● **WORK TASK**
The whole listing is to be restated word for word with no images.

● **COLLECTED MATERIAL**
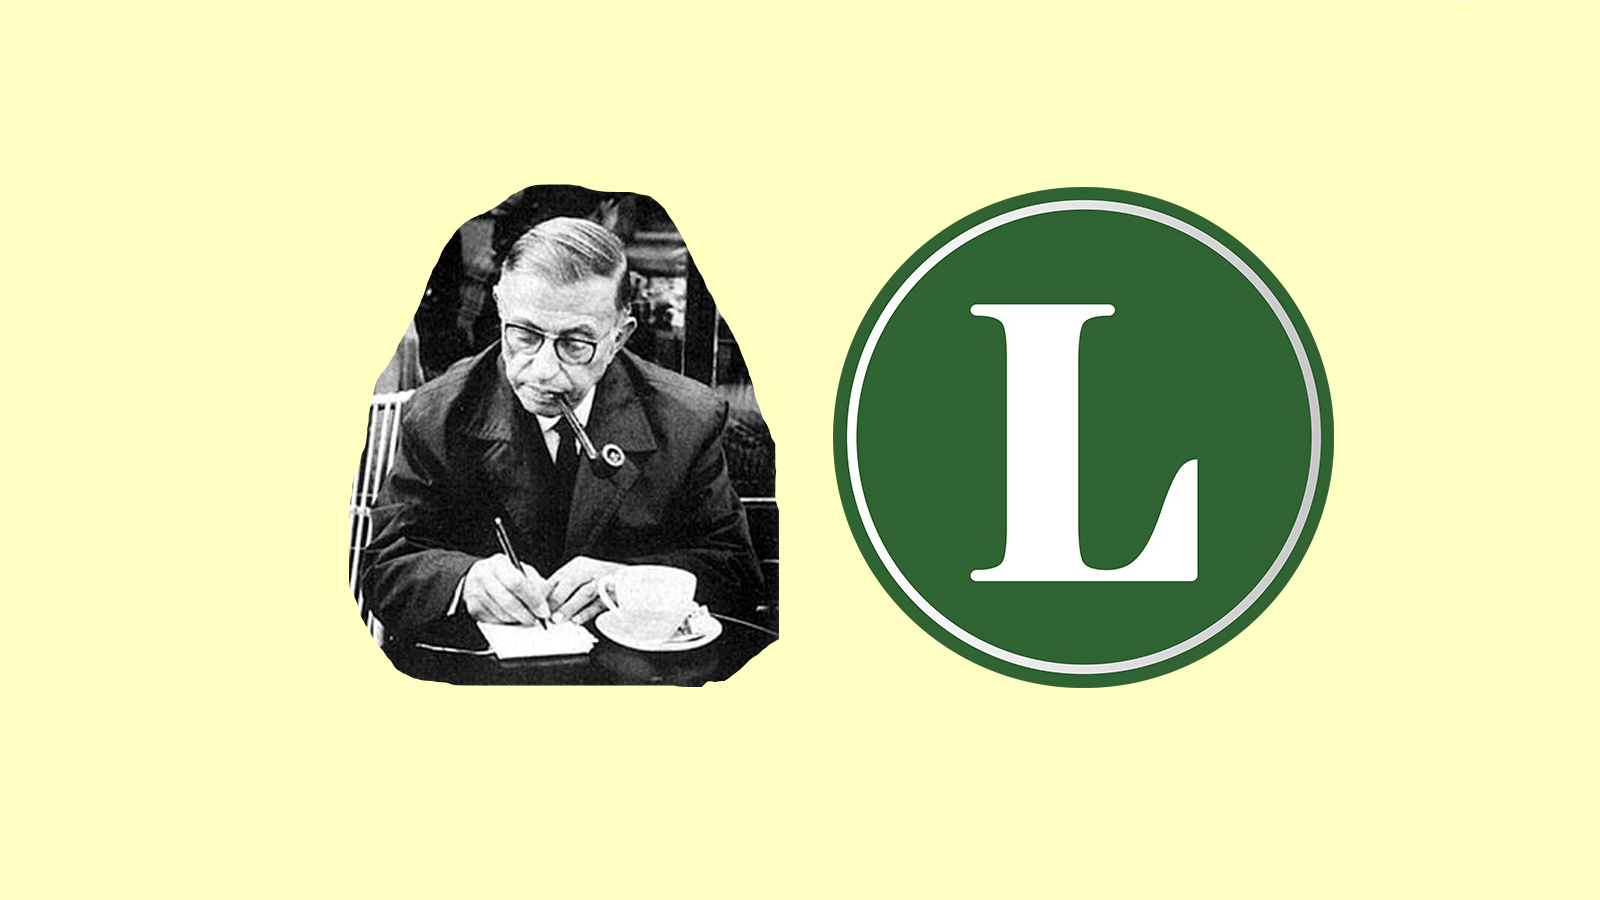 Del lado izquierdo: imagen de Jean Paul Sartre escribiendo en una libreta; del lado derecho, logotipo de Lami sobre un fondo verde; la imágen está sobre un fondo color beige
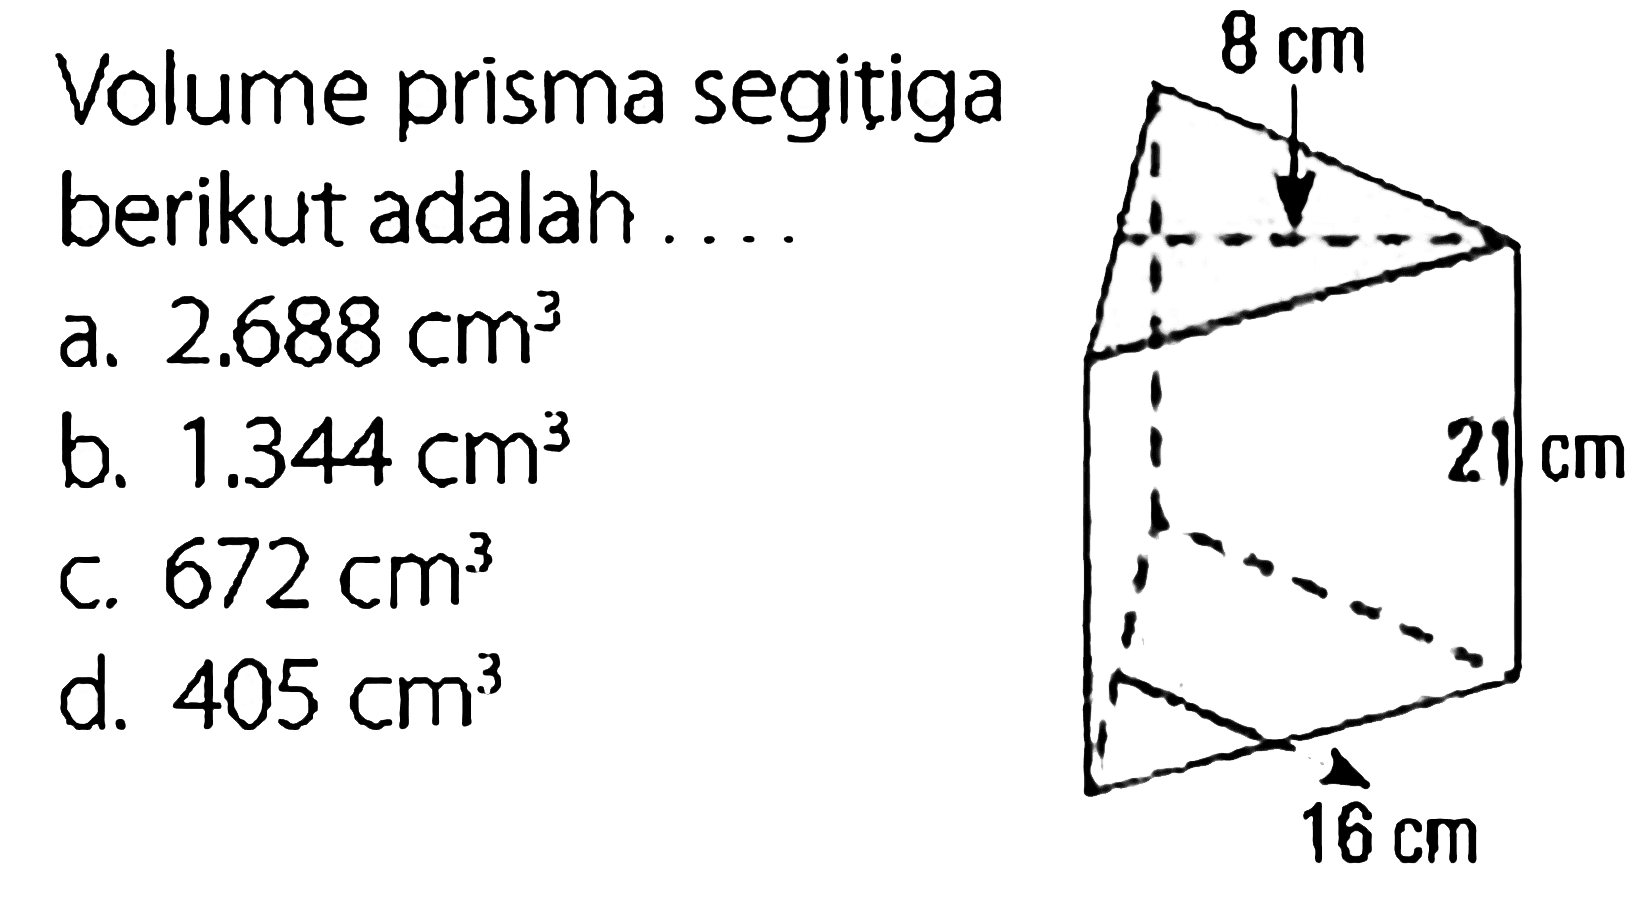 Volume prisma segitiga berikut adalah ....
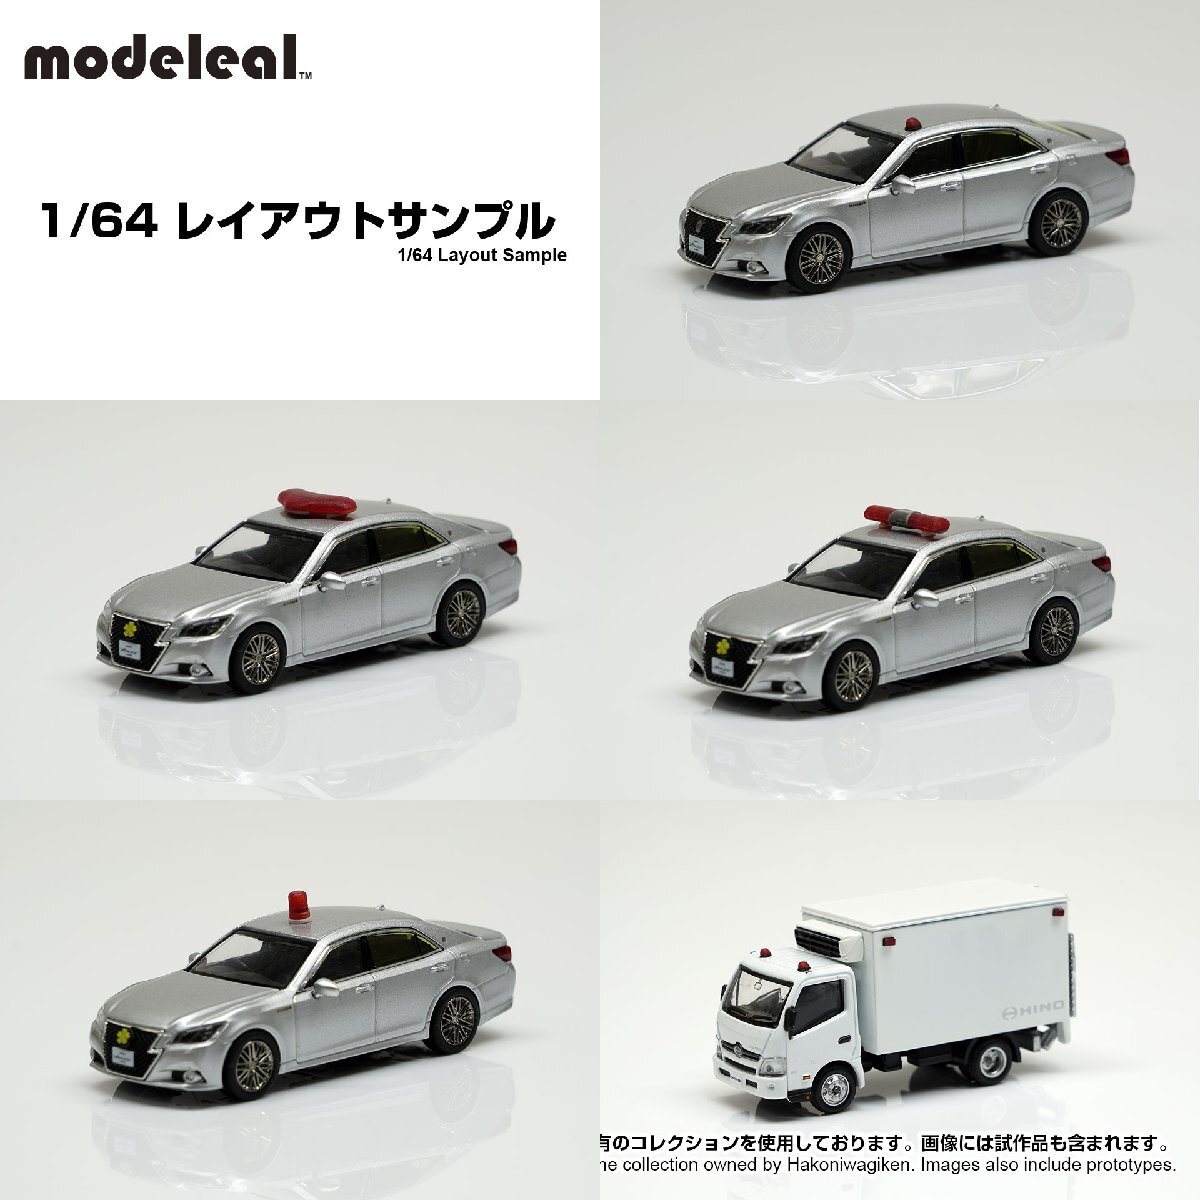 M064-00037 modeleal 1/64 普通車デコレーションキット パトランプの画像3

● **EXERCISE SOLUTION**
 Del lado izquierdo: imagen de Jean Paul Sartre escribiendo en una libreta; del lado derecho, logotipo de Lami sobre un fondo verde; la imágen está sobre un fondo color beige
 Volume prisma segitiga berikut adalah ....
 M064-00037 modeleal 1/64 普通車デコレーションキット パトランプの画像3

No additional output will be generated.